In 1868 Kraft was made a major-general and assigned to command the Guard artillery brigade. At the same moment he became a member of the Artillerie Prüfungskommission. As commander of the Guard artillery brigade Kraft gained great distinction during the Franco-Prussian War, especially at Gravelotte and Sedan. He was in control of the artillery attack on the fortifications of Paris. In 1873 he was placed in command of an infantry division, and three years later was promoted to lieutenant-general. While he retired in 1879, he was made general of infantry in 1883 and then general of artillery in 1889.

== Writings ==
Kraft's military writings were numerous, and amongst them several have become classics. These are Briefe über Artillerie (English translation Letters on Artillery, 1887); Briefe über Strategie (1877; Letters on Strategy, 1898); and Gespräche über Reiterei (1887; Conversations on Cavalry).
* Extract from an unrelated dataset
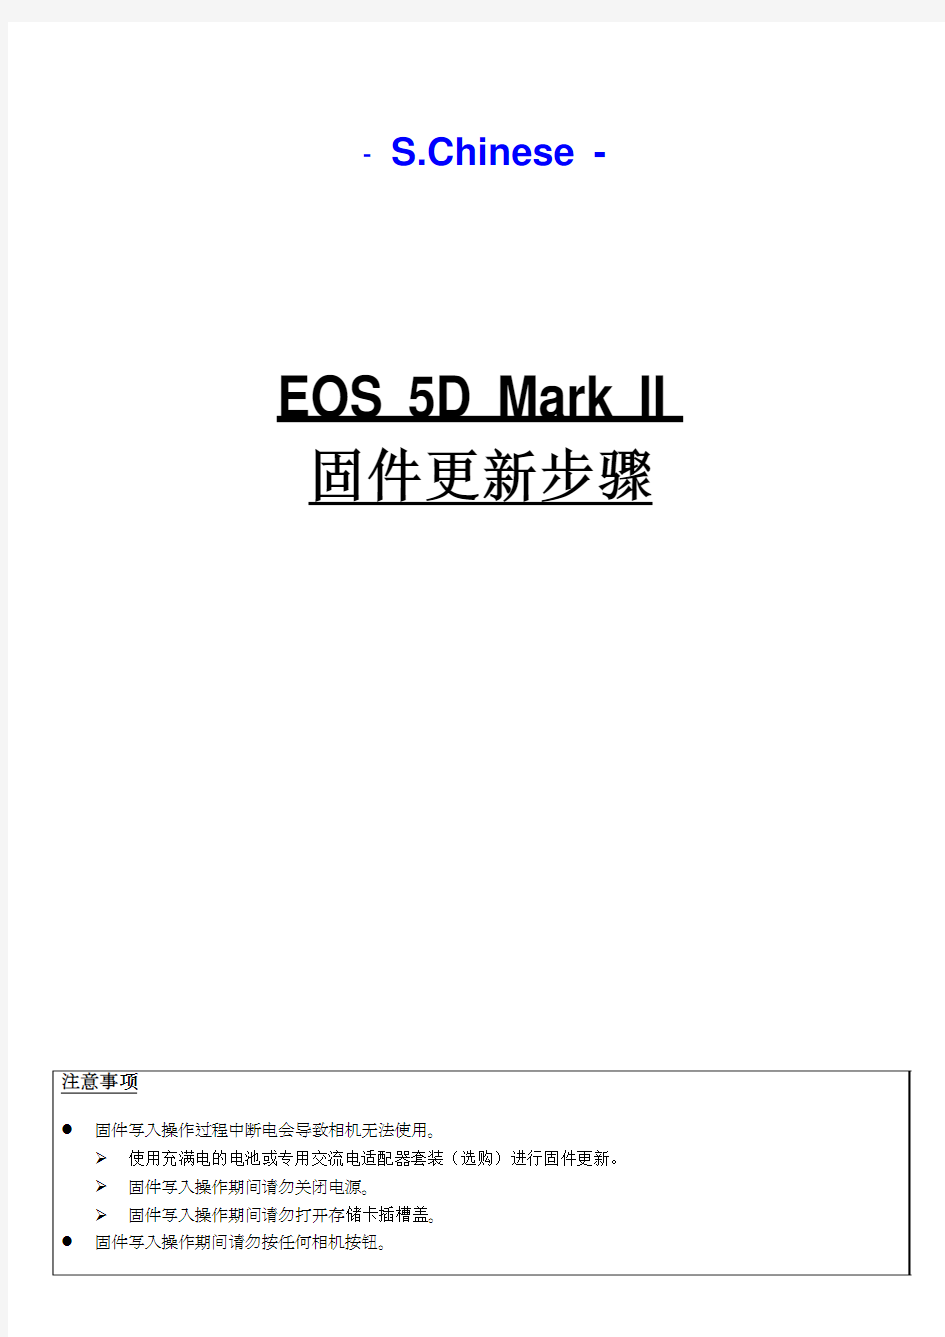 佳能5D2相机固件更新说明书 中文版

The Briefe über Infanterie and Briefe über Kavallerie (Letters on Infantry, Letters on Cavalry, 1889) are of less importance, though interesting as a reflection of prevailing German ideas.

== Memoirs ==
Kraft's memoirs (Aus meinem Leben) were prepared in retirement near Dresden, and the first volume (1897) created such a sensation that eight years were allowed to elapse before the publication was continued. Kraft died near Dresden in 1892.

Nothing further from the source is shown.